Other side effects of note with abemaciclib/endocrine therapy include fatigue in 40.1% and nausea in 38.5% (all grades). There was also a greater increase in creatinine levels, but this was not associated with impairment in renal function. Eight deaths occurred in the abemaciclib arm due to adverse events, including deaths from lung infection, embolism, cerebral ischemia, pneumonitis, and respiratory failure, and two deaths occurred in the placebo arm, due to general health deterioration and sudden death.
For Some Patients, Hold the CDK4/6 Inhibitor
ALTHOUGH THE TREATMENT EFFECT of abemaciclib was consistently observed across subgroups, based on hazard ratios, he maintained that the combination therapy is probably not warranted for all patients. “For the first time, we have insights suggesting that patients with certain clinical characteristics may benefit differently from treatment with a CDK4/6 inhibitor…. Our exploratory subgroup analyses suggest that the largest benefit was observed in patients with adverse prognostic factors, such as liver metastases or relapse only a few years after adjuvant therapy,” he revealed.

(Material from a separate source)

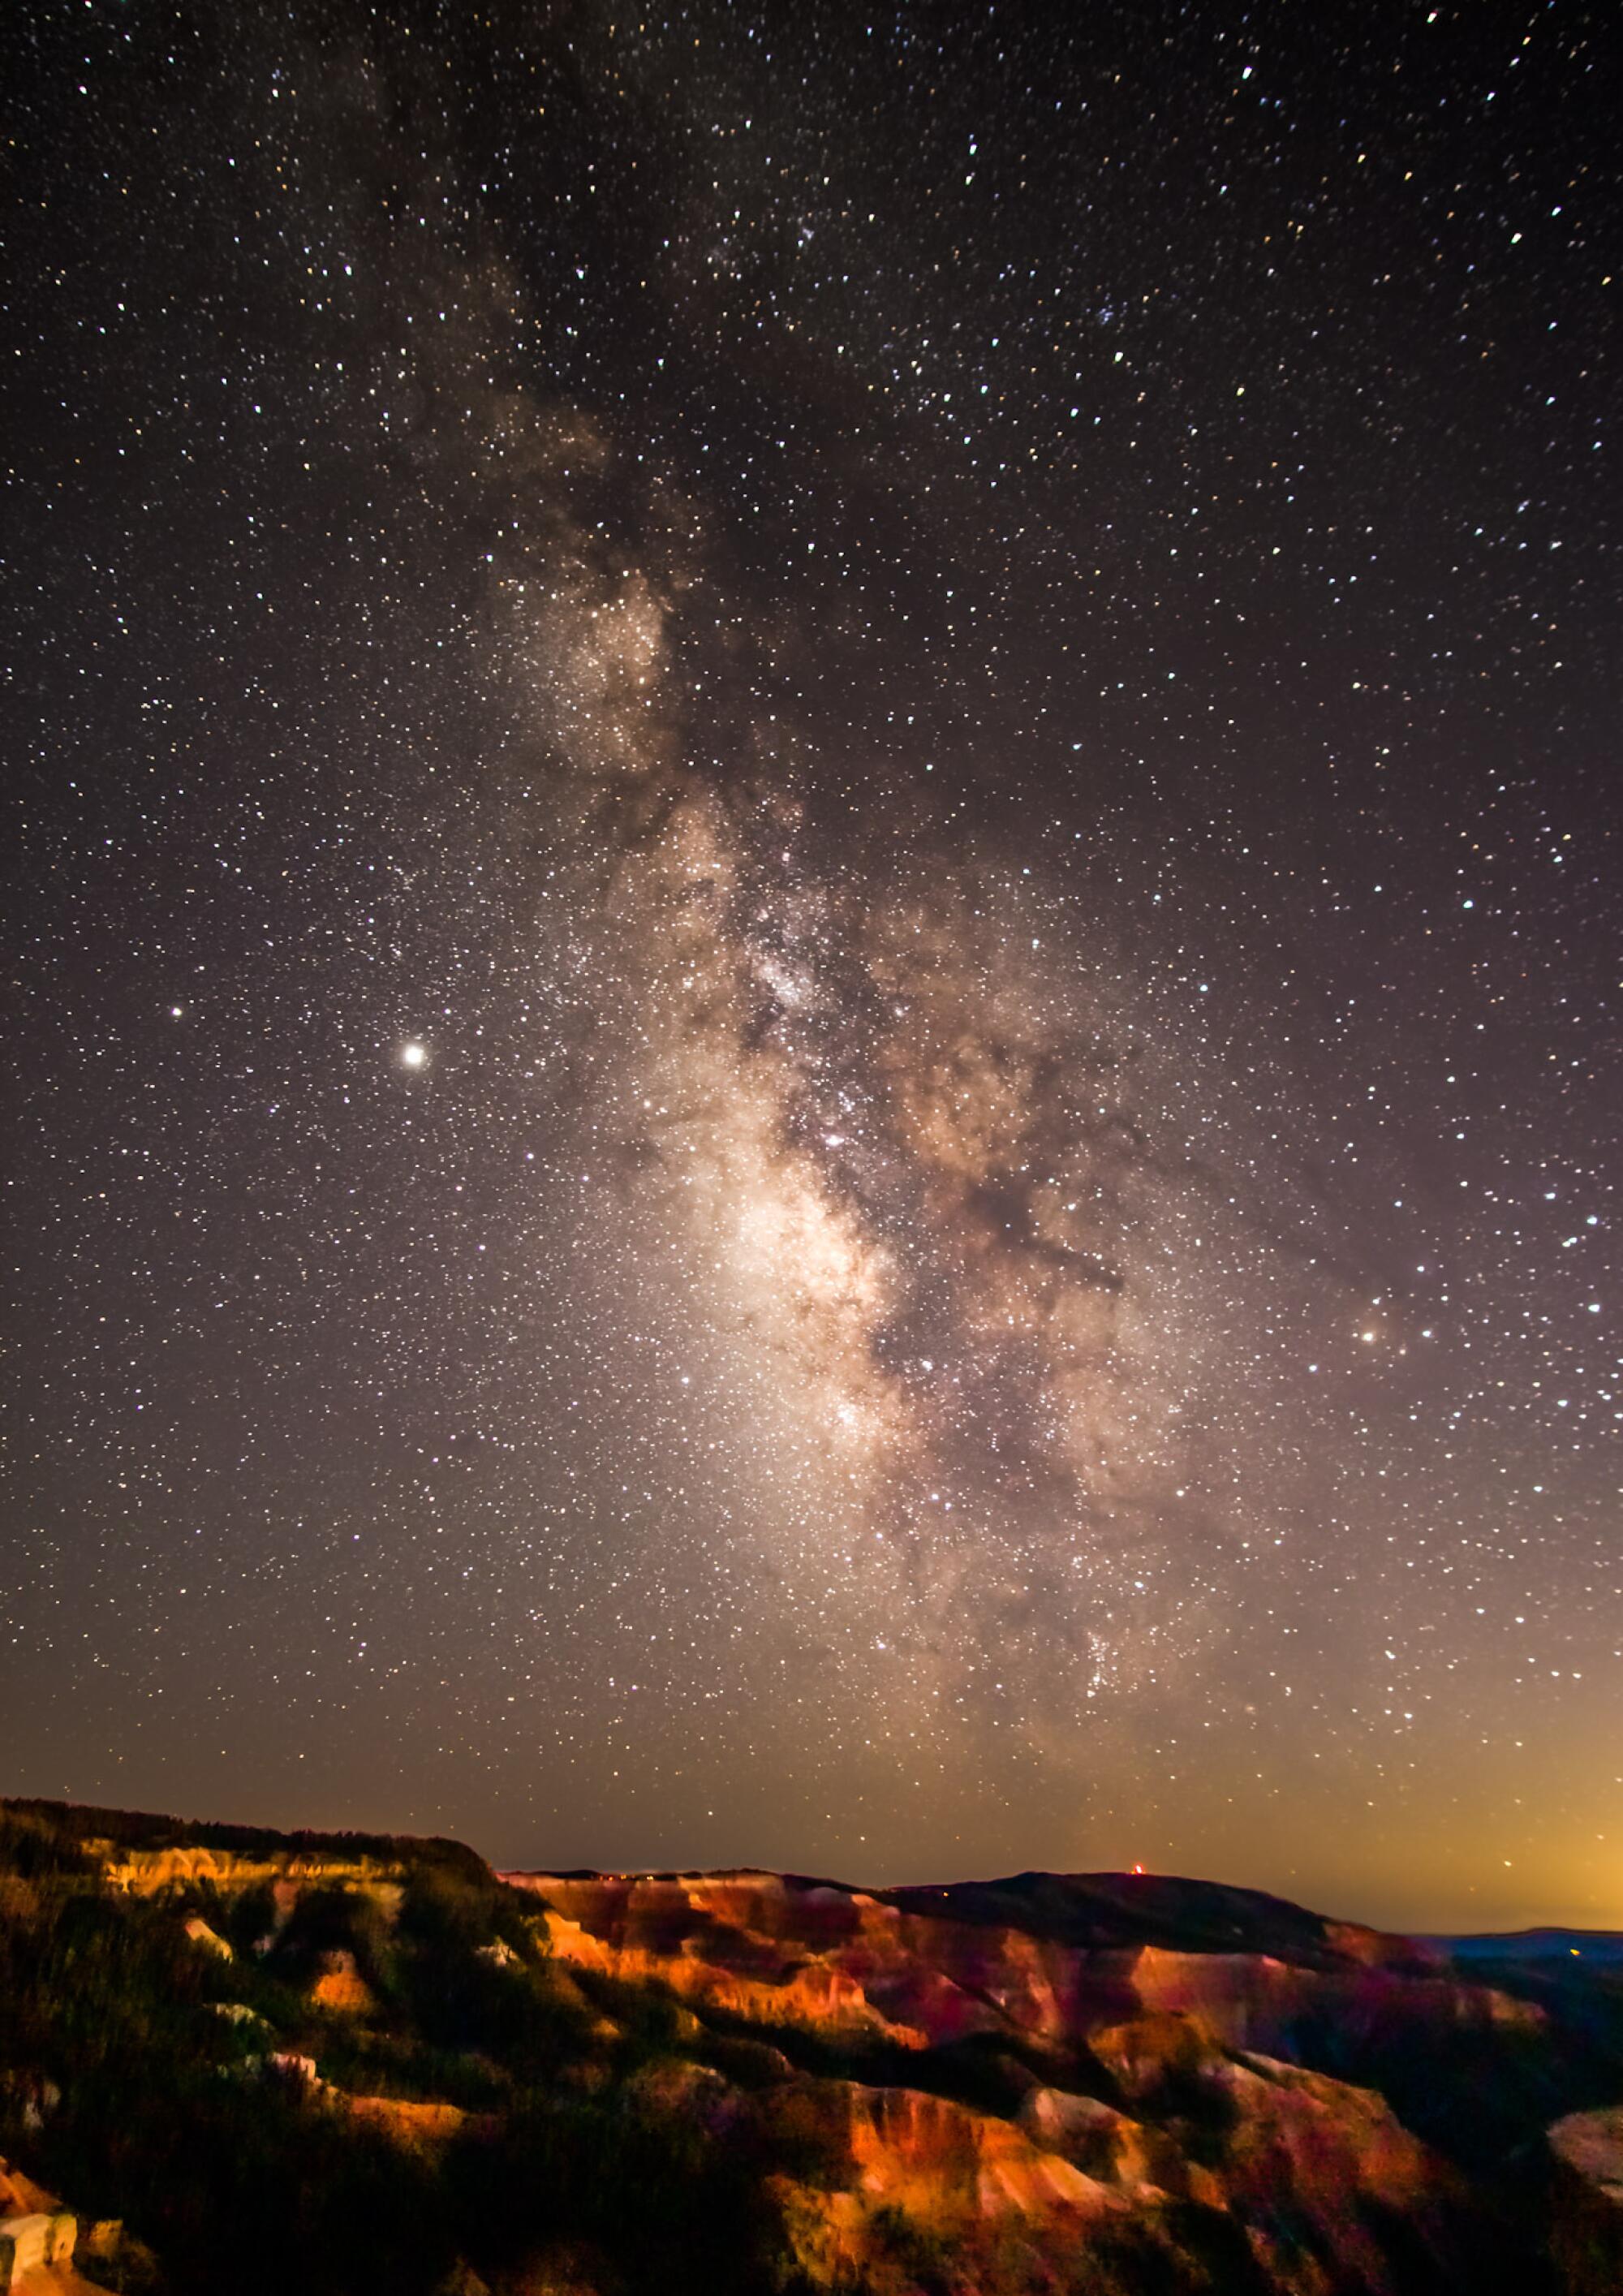 The Milky Way can be seen in exquisite detail in the dark skies over Cedar Breaks National Monument in Utah.

Therefore, added Dr. Di Leo, patients with good-prognosis factors, such as bone-only disease or a long treatment-free interval, may still be treated with endocrine therapy alone, since their outcomes were already good. Approximately one-third of patients in the study fell into this category—“a clinically relevant proportion of patients for whom we may consider delaying the use of a CDK4/6 inhibitor and thus avoid toxicity and costs,” he commented.

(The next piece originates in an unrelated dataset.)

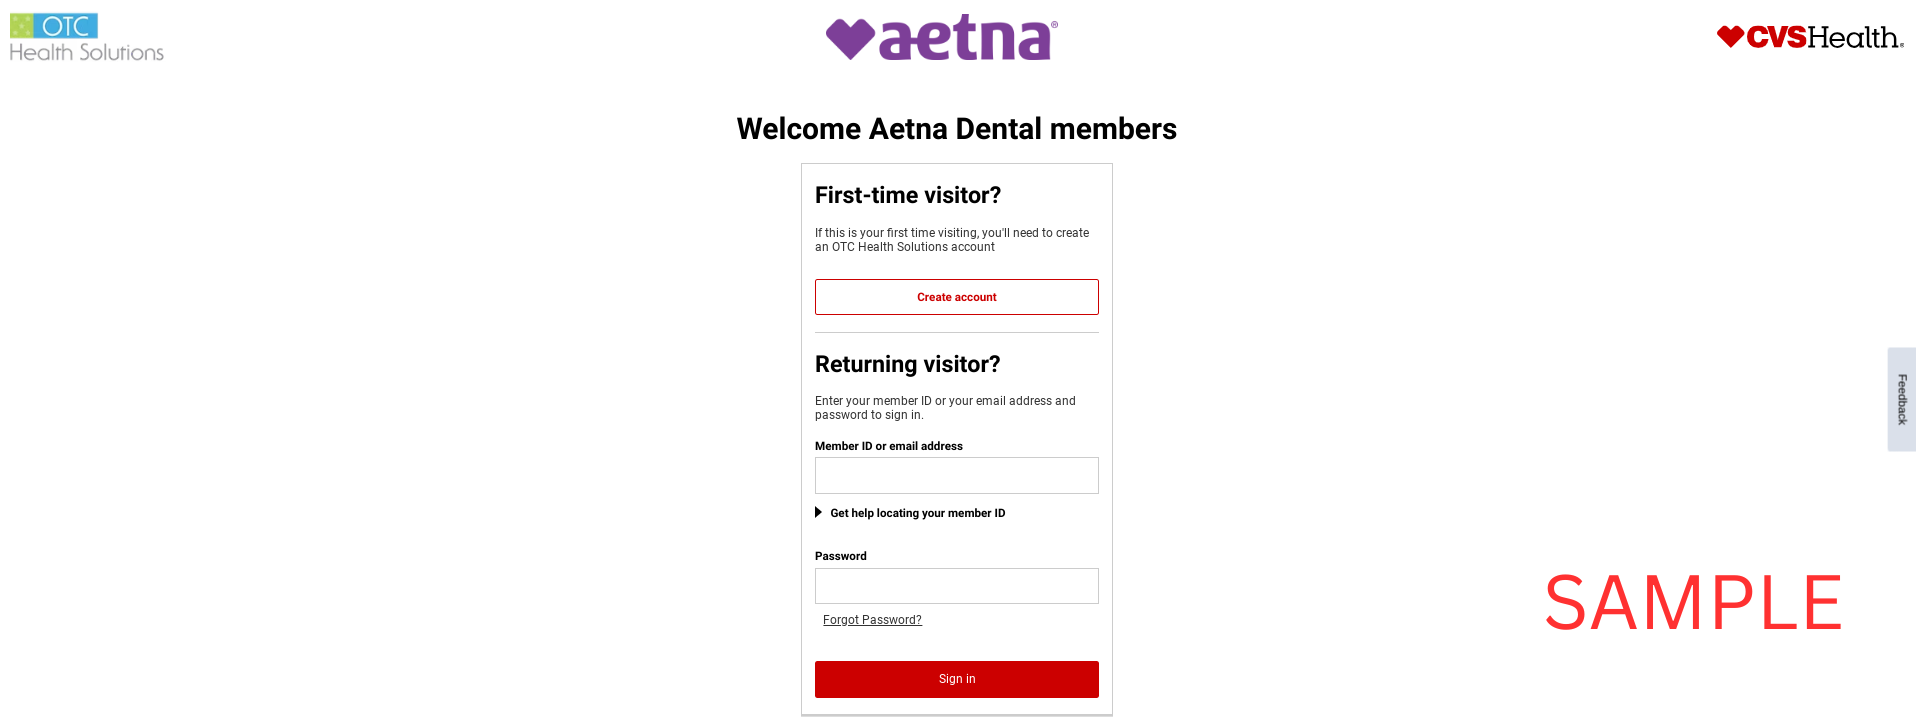 Aetna Dental Health 2023 | CVS | OTCHS | Medicaid | www.cvs.com/otchs/aetnadentalotc

How Abemaciclib Differs From Other CDK4/6 Inhibitors
ALTHOUGH THE THREE CDK4/6 inhibitors have demonstrated similar efficacy in their respective clinical trials, Dr. Di Leo emphasized in a press briefing that there are differences among them. In preclinical models, abemaciclib showed greater affinity for CDK4 than did palbociclib and ribociclib; CDK4 is thought to be more important than CDK6 in breast cancer oncogenesis.2 According to Dr. Di Leo, abemaciclib has a 14-fold greater potency for CDK4 over CDK6, and this may explain why neutropenia occurs less with abemaciclib than with other CDK4/6 inhibitors.
“Additionally, palbociclib and ribociclib are limited by their pharmacodynamics in their on-target inhibition of CDK6, which is critical for hematopoiesis,” stated Neil Vasan, MD, PhD, and Maura N. Dickler, MD, in an article in the August 10, 2017, issue of The ASCO Post. As a result, palbociclib and ribociclib require “off weeks” to allow for bone marrow recovery, whereas abemaciclib can be dosed continuously without a break.

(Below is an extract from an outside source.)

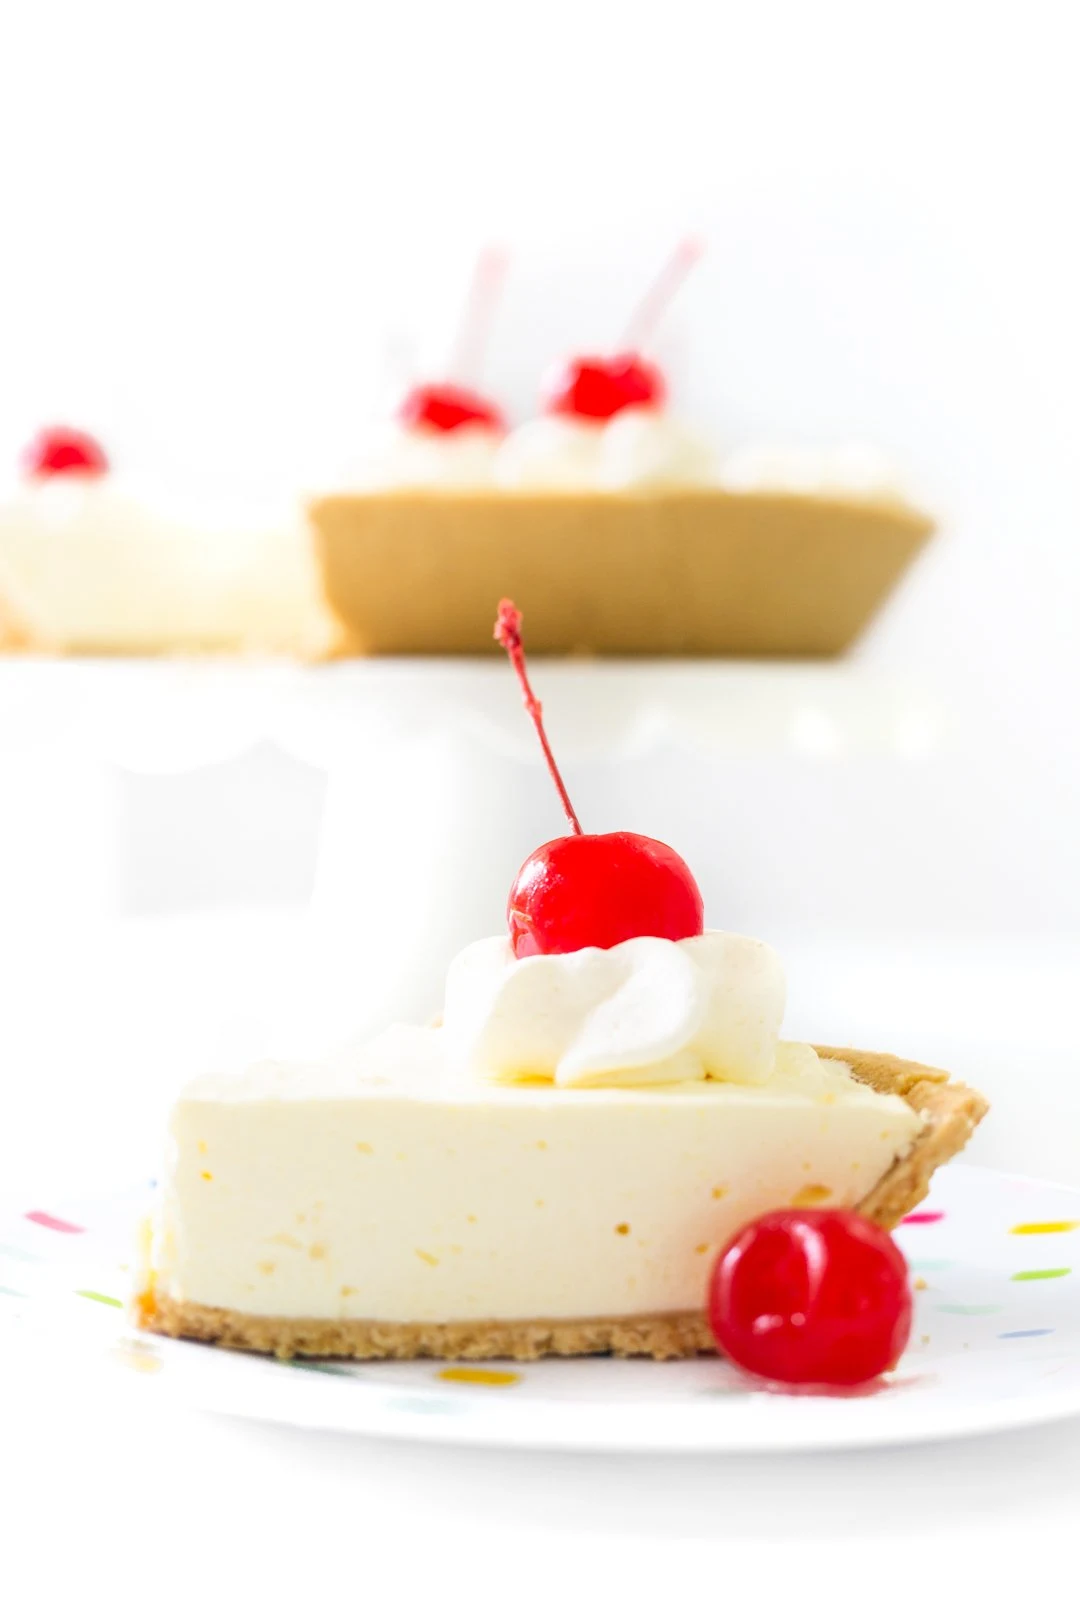 Easy Jello Pie Slice with whipped cream and cherries

In short, Dr. Di Leo commented: “It’s quite clear that the safety profile of these compounds is not entirely overlapping.” The most salient differences are the higher rates of diarrhea with abemaciclib and more neutropenia with palbociclib and ribociclib. In addition, in the MONARCH 3 trial, the incidence of venous thromboemoblism was higher in the abemaciclib arm (4.9%) than in the control arm (0.6%). The increase in the rate of venous thromboembolism has not been observed in trials with ribociclib and palbociclib. “These differences can be important for clinicians in tailoring treatment according to the individual needs of each patient.” ■
DISCLOSURE: Dr. Di Leo reported no conflicts of interest.
1. Di Leo A, Toi M, Campone M, et al: MONARCH 3: Abemaciclib as initial therapy for patients with HR+/HER2– advanced breast cancer. 2017 ESMO Congress. Abstract 236O_PR. Presented September 10, 2017.
2. Asghar U, Witkiewicz AK, Turner NC, et al: The history and future of targeting cyclin-dependent kinases in cancer therapy. Nat Rev Drug Discov 14:130-146, 2015.